Looks like it's time to set-up an Anglo-Irish account. Just about the only bank I don't already have an account with.


----------



## ClubMan (3 Jan 2008)

Jethro Tull said:


> You all beat me too it, just read the same in the Irish Times! I have a 30 day notice account, can I just give the 30 days notice to move and they will do it for me or will i have to go throught the who account opening rigmarole if I choose to go this route?


I found _Anglo _very helpful in the past in transferring accounts. In fact I was a customer of theirs a few years back but had closed my account and when I contacted them they still had my details on file (somebody will probably say that they were in breach of _Data Protection_ rules in doing this ... ) so I didn't have to go through the full id checking rigmarole when opening a new account with them.


----------



## Jethro Tull (3 Jan 2008)

ClubMan said:


> I found _Anglo _very helpful in the past in transferring accounts. In fact I was a customer of theirs a few years back but had closed my account and when I contacted them they still had my details on file (somebody will probably say that they were in breach of _Data Protection_ rules in doing this ... ) so I didn't have to go through the full id checking rigmarole when opening a new account with them.


 
Just rang them. As always they were very helpful. i can just drop into a branch (I pass one on my way home) with a completed application form and transfer money. I was told i don't even have to give the 30 days notice as its going to another anglo account.


----------



## Godfather (3 Jan 2008)

Anglo are great! And they give you visibility of the savings accounts on-line.


----------



## Calico (3 Jan 2008)

oldtimer said:


> Reported in this mornings Irish Independent Anglo Irish Bank launched one year fixed term rate of 5% for amounts €1,000 upwards with no upper limit. Nothing on website.

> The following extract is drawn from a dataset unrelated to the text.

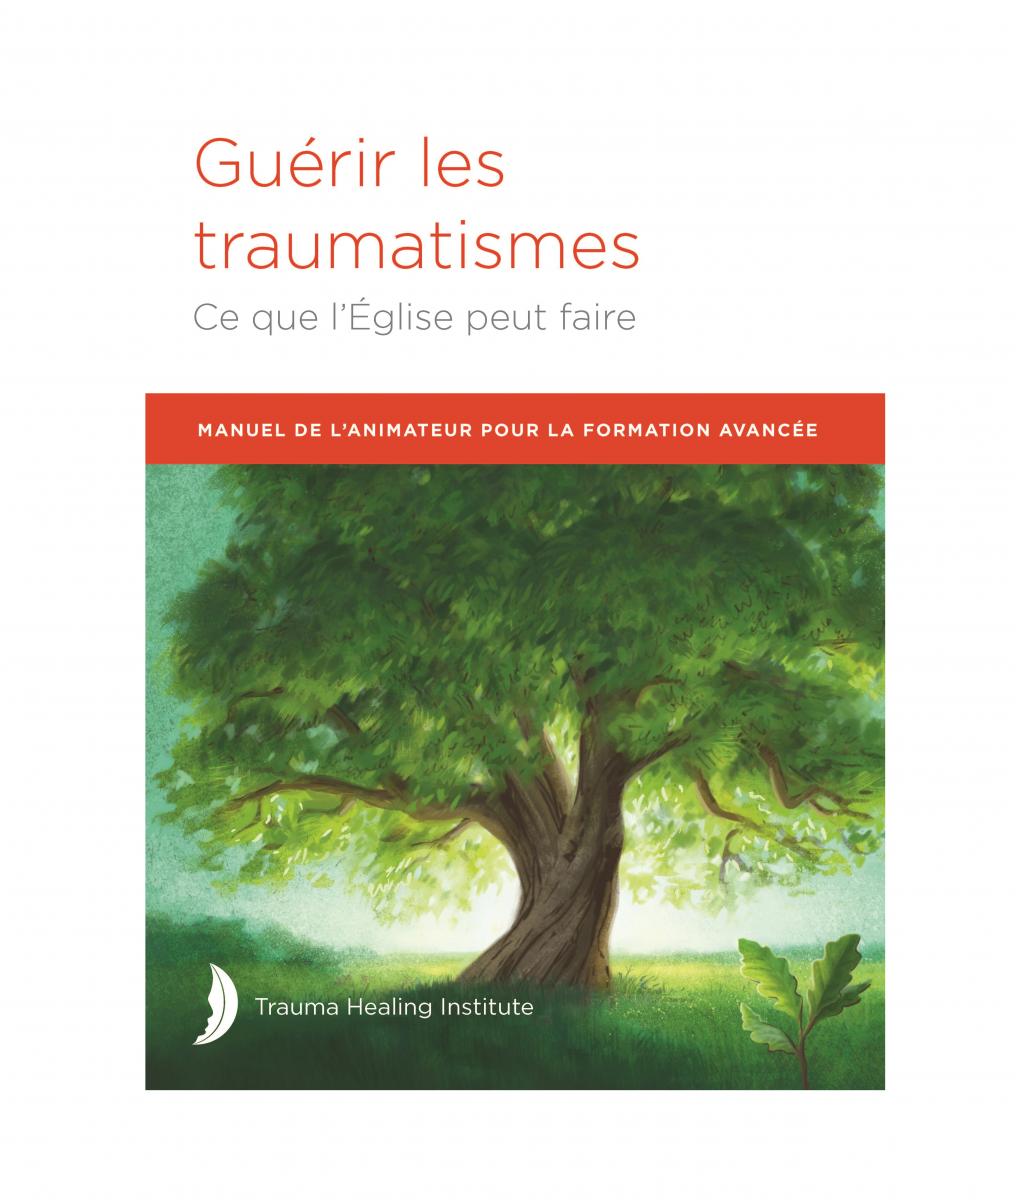 Guérir les traumatismes: Manuel de L’animateur pour la Formation Avancée 2021 edition - Print on Demand
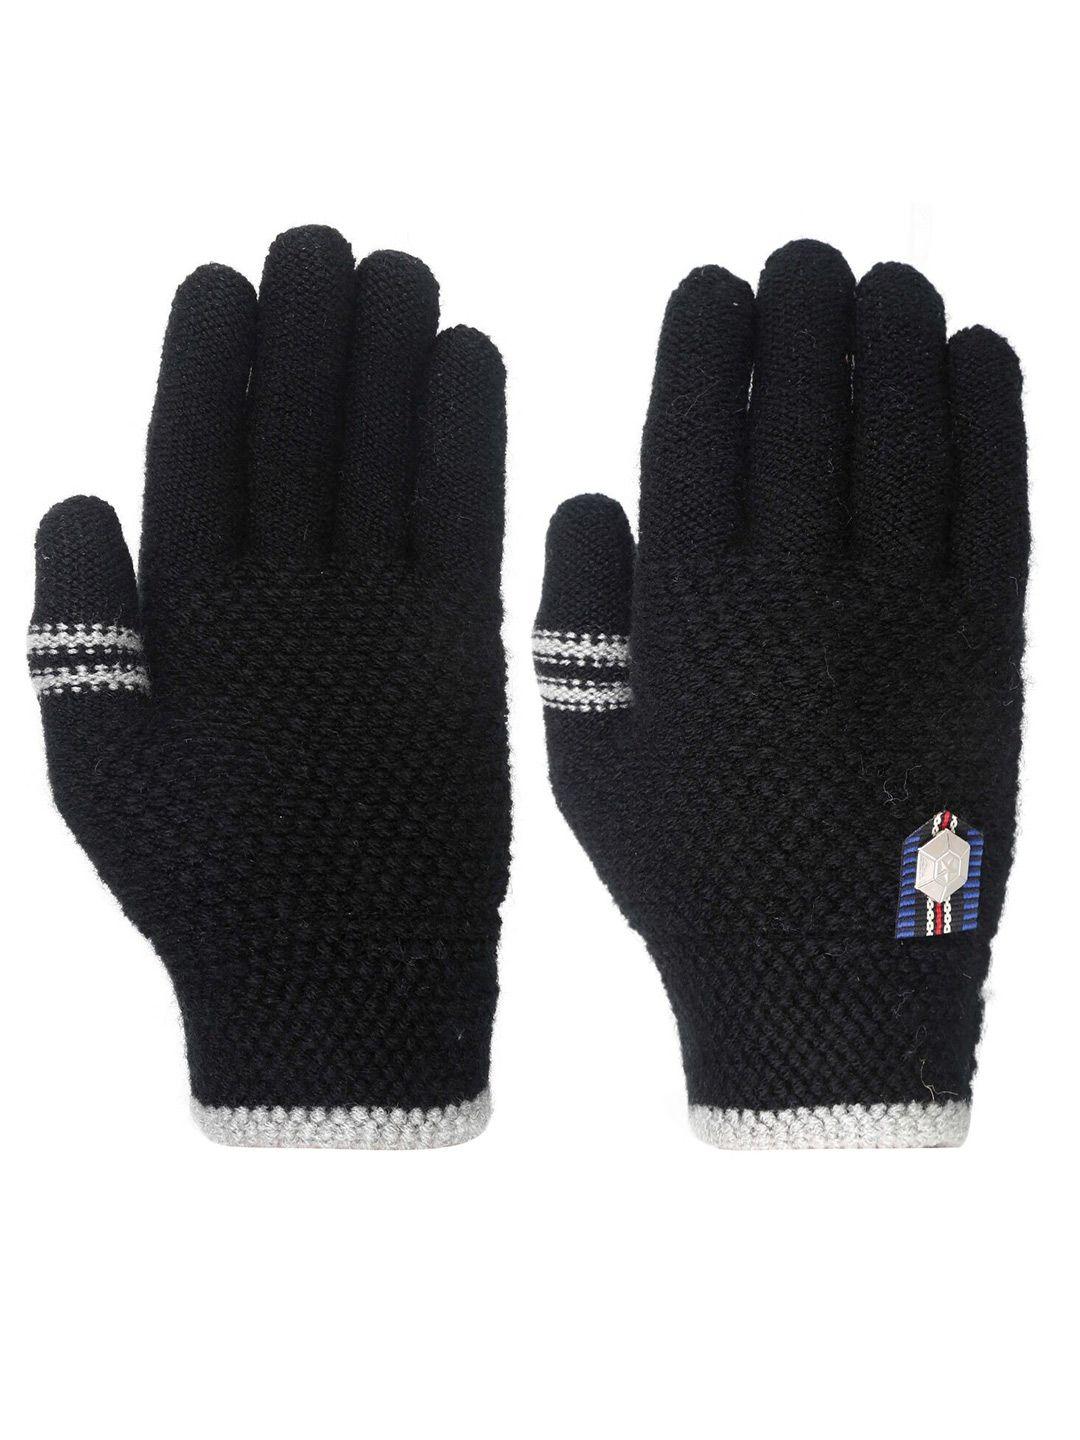 fabseasons kids acrylic woolen winter gloves

It's up now.......http://www.angloirishbank.ie/


----------



## ClubMan (3 Jan 2008)

Godfather said:


> Anglo are great! And they give you visibility of the savings accounts on-line.


Hardly a USP though? I only found out about www.angloconnect.com yesterday and am just registering for it now.


----------



## Godfather (4 Jan 2008)

I agree, but their customer service is also very reliable as I could experience. The only thing I have to point out is that in many planned withdrawals with their free phone no. only one wasn't recorded in their DB when I called 30 days after to enquire about my withdrawal notice... Since then I also take note of the person I talked with and the day and time... Just to make sure!


----------



## Jethro Tull (4 Jan 2008)

E-mailed a mate about this rate, he has a few bob he wants to invest his reply was as follows:

_One year Credit Default Swap for Anglo is 90bps... so you should be getting 90 over market rates to be properly compensated. 1 yr Euribor is currently 4.697%_

Small bit of semantics for the very risk averse.


----------



## ClubMan (4 Jan 2008)

Jethro Tull said:


> E-mailed a mate about this rate, he has a few bob he wants to invest his reply was as follows:
> 
> _One year Credit Default Swap for Anglo is 90bps... so you should be getting 90 over market rates to be properly compensated. 1 yr Euribor is currently 4.697%_
> 
> Small bit of semantics for the very risk averse.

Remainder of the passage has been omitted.